Wood v. Harris
This text of 12 Mo. 74 (Wood v. Harris) is published on Counsel Stack Legal Research, covering Supreme Court of Missouri primary law. Counsel Stack provides free access to over 12 million legal documents including statutes, case law, regulations, and constitutions.
Opinion
delivered the opinion of the court.
Wood the plaintiff brought an action of debt against the defendant Harris and Hoiyell O’Neal in the Saline circuit court. The declaration contained two counts. The first count declared upon a writing obligatory executed by the defendants to the plaintiff, setting the same out substantially. The second count copies the writing sued on in extenso, and assigns breaches thereon.
The defendant craved oyer of the writing sued on, set the same out, and plead non est factum without affidavit.' He also filed a plea of offset.
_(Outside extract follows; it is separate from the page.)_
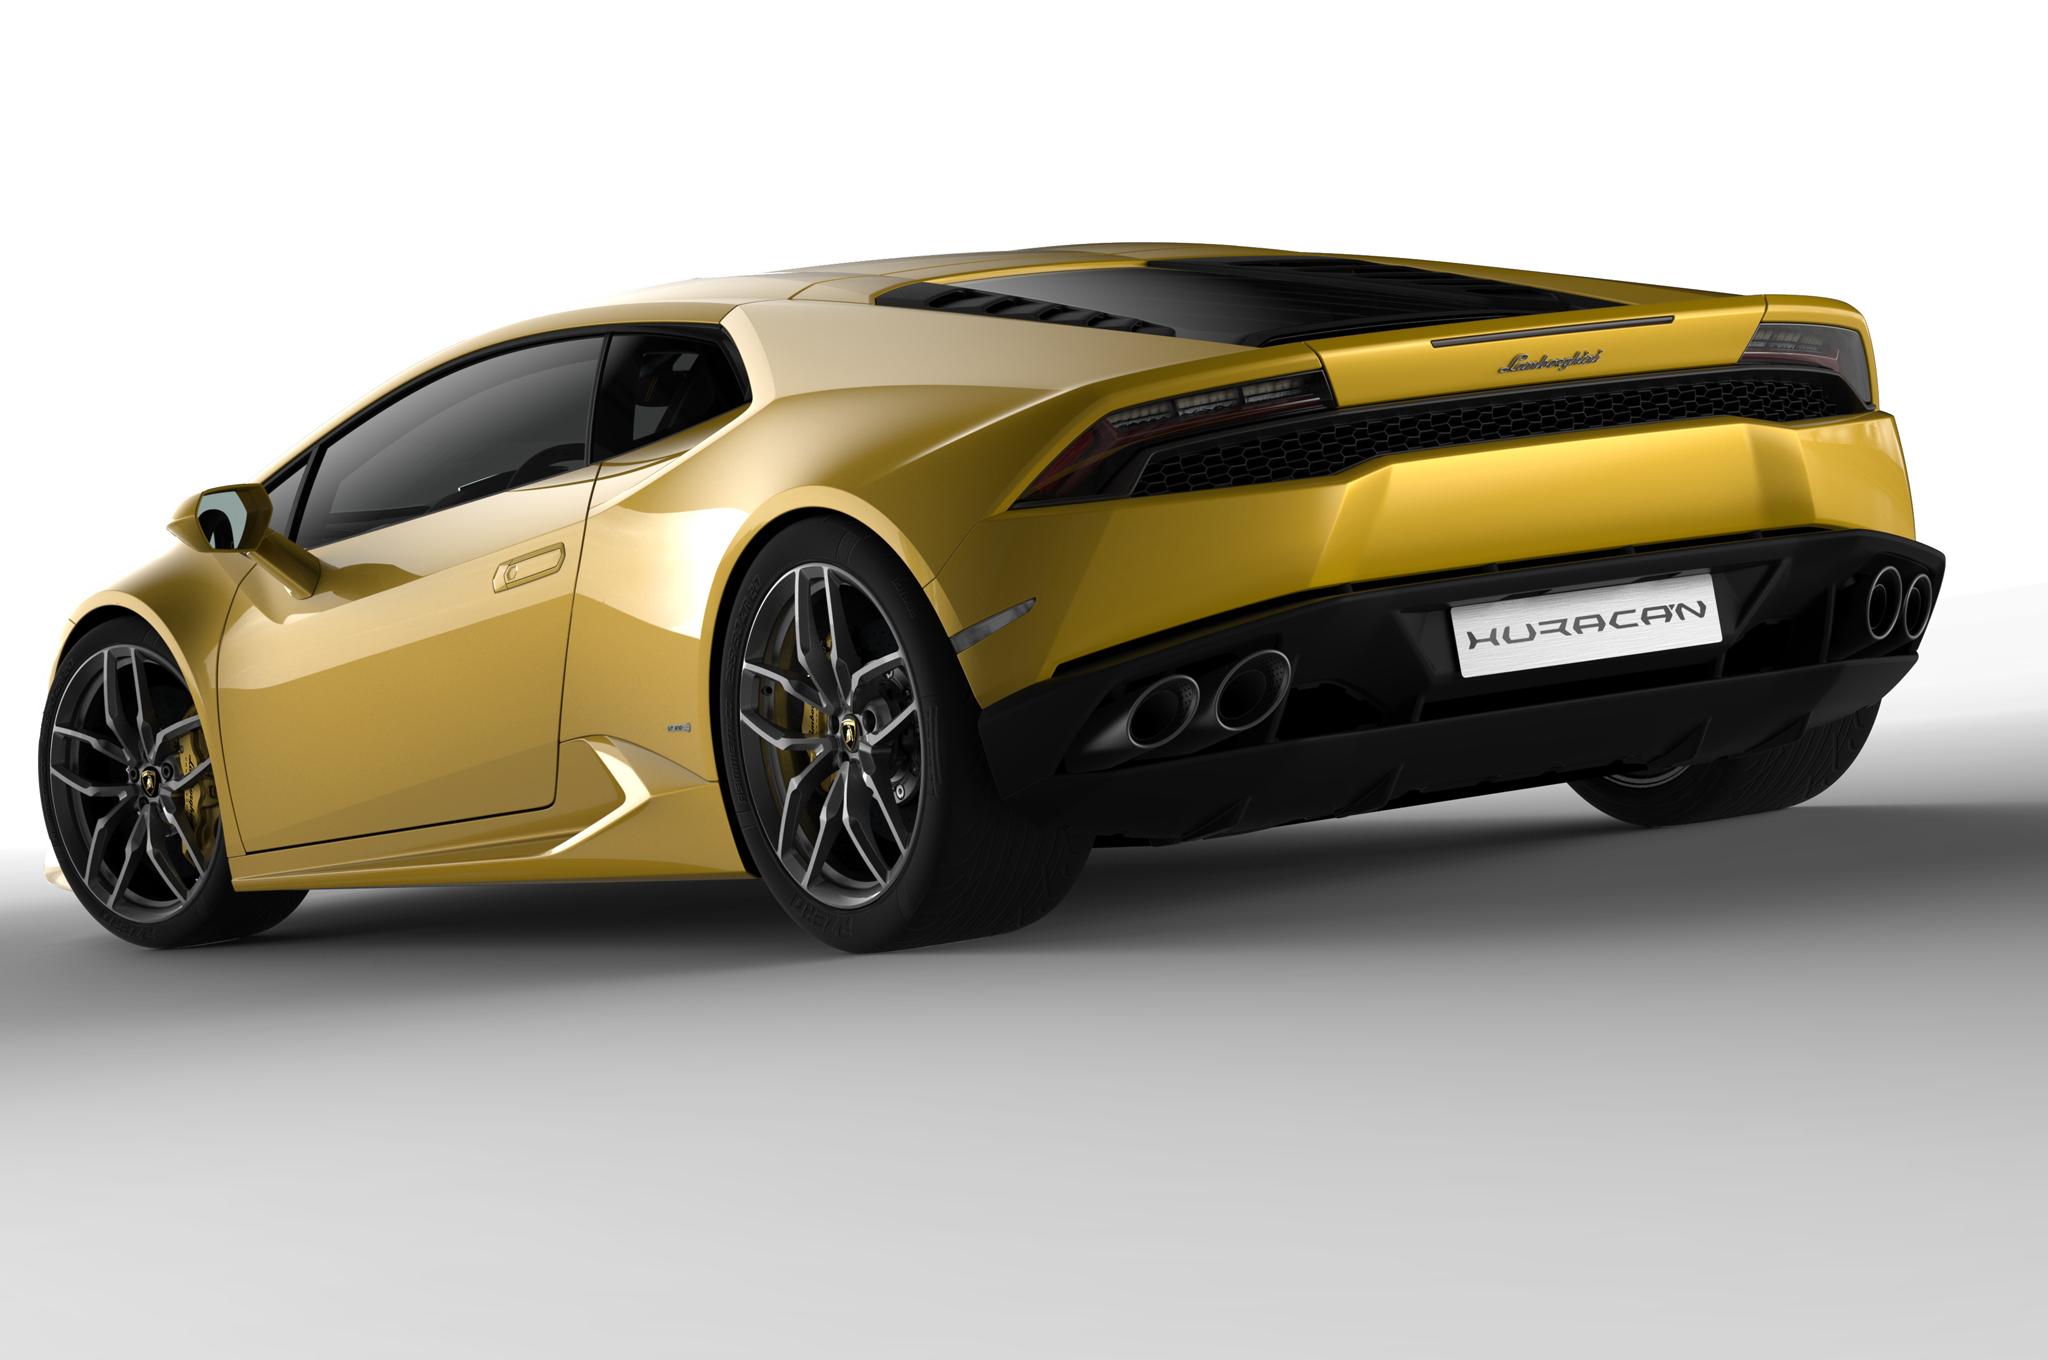 2015 lamborghini huracan 6 2015 lamborghini huracan 6 - Lamborghini 2015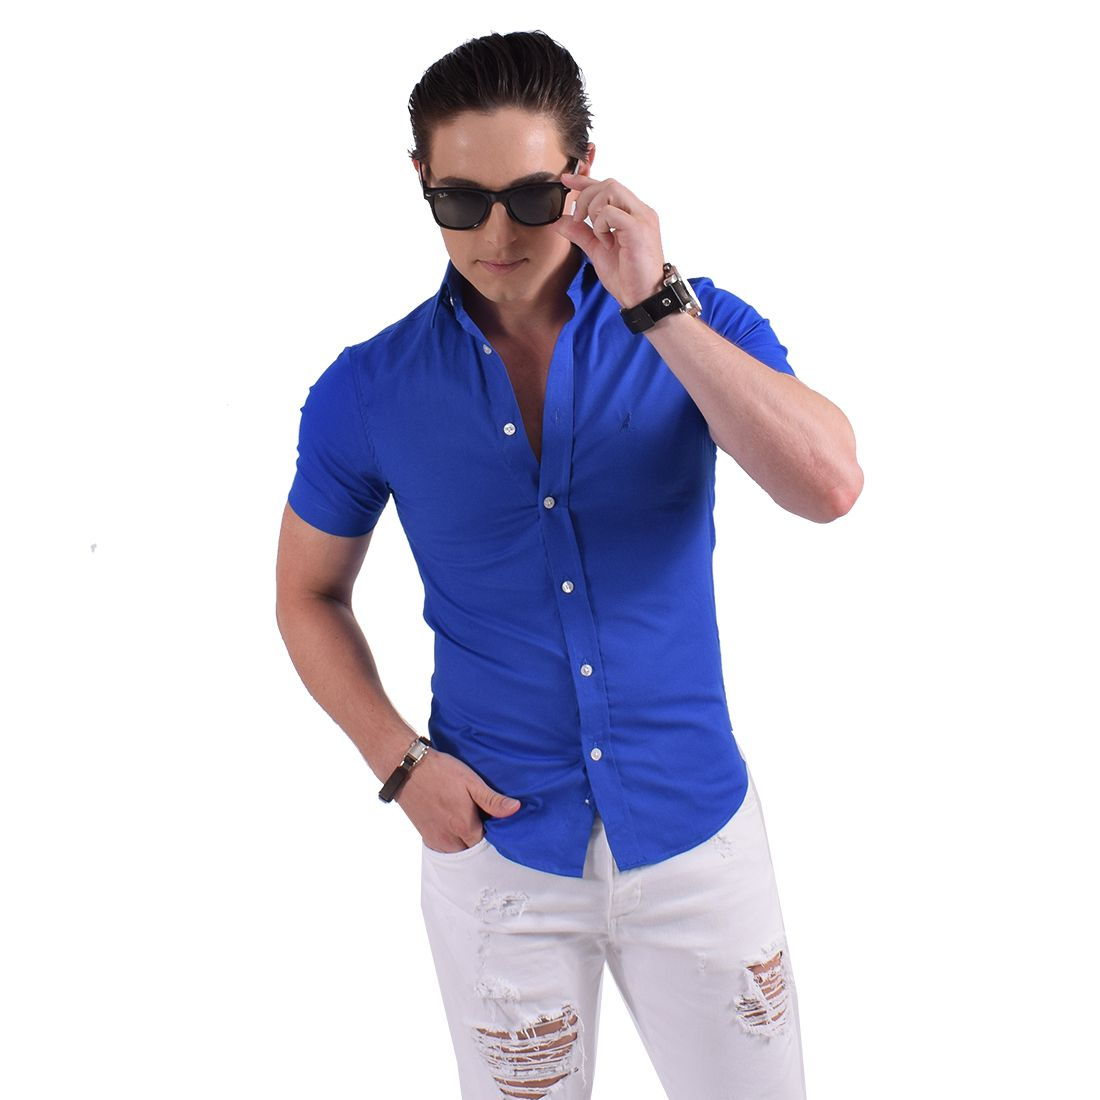 500204 - Camisa Social Manga Curta Masculina Slim Azul - LEVOK

Issues were taken by the plaintiff, and the cause was submitted to the court, sitting as a jury, when the plaintiff offered to read the instrument sued upon as evidence in the case, to which the defendants objected, and their objection was sustained by the court. Whereupon the plaintiff took a nonsuit, and subsequently moved to set the same aside for the reason that his evidence was rejected by the court, but the court over-ruled his motion, and he excepted, and has brought the case here by writ of error.
It is not now necessary to inquire whether the declaration be sufficient in law to authorize the instrument of writing sued on to be read in evidence. The defendant is precluded, by the pleadings in the cause, from now raising that question.
Mr. Chitty, in his pleadings vol. 1 page 467, lays down the rule as follows. “If the deed be set out on oyer, it becomes parcel of the record, and the court will adjudge upon it accordingly, though it were not strictly demandable when granted. Should the true fact and meaning of the deed be mis-stated in the declaration, the variance is cured and becomes immaterial, if the deed be set out on the plea on oyer and non est factum be pleaded; for on that issue the only question at the trial is, whether the deed, as set out in the plea, was executed by the defendant or not, and the jury are not competent to decide what is the legal effect of the deed.”
The plea not having been verified by affidavit, the plaintiff had the right therefore to read the bond in evidence.
The other judges concurring, the judgment of the circuit court is reversed, and the cause remanded.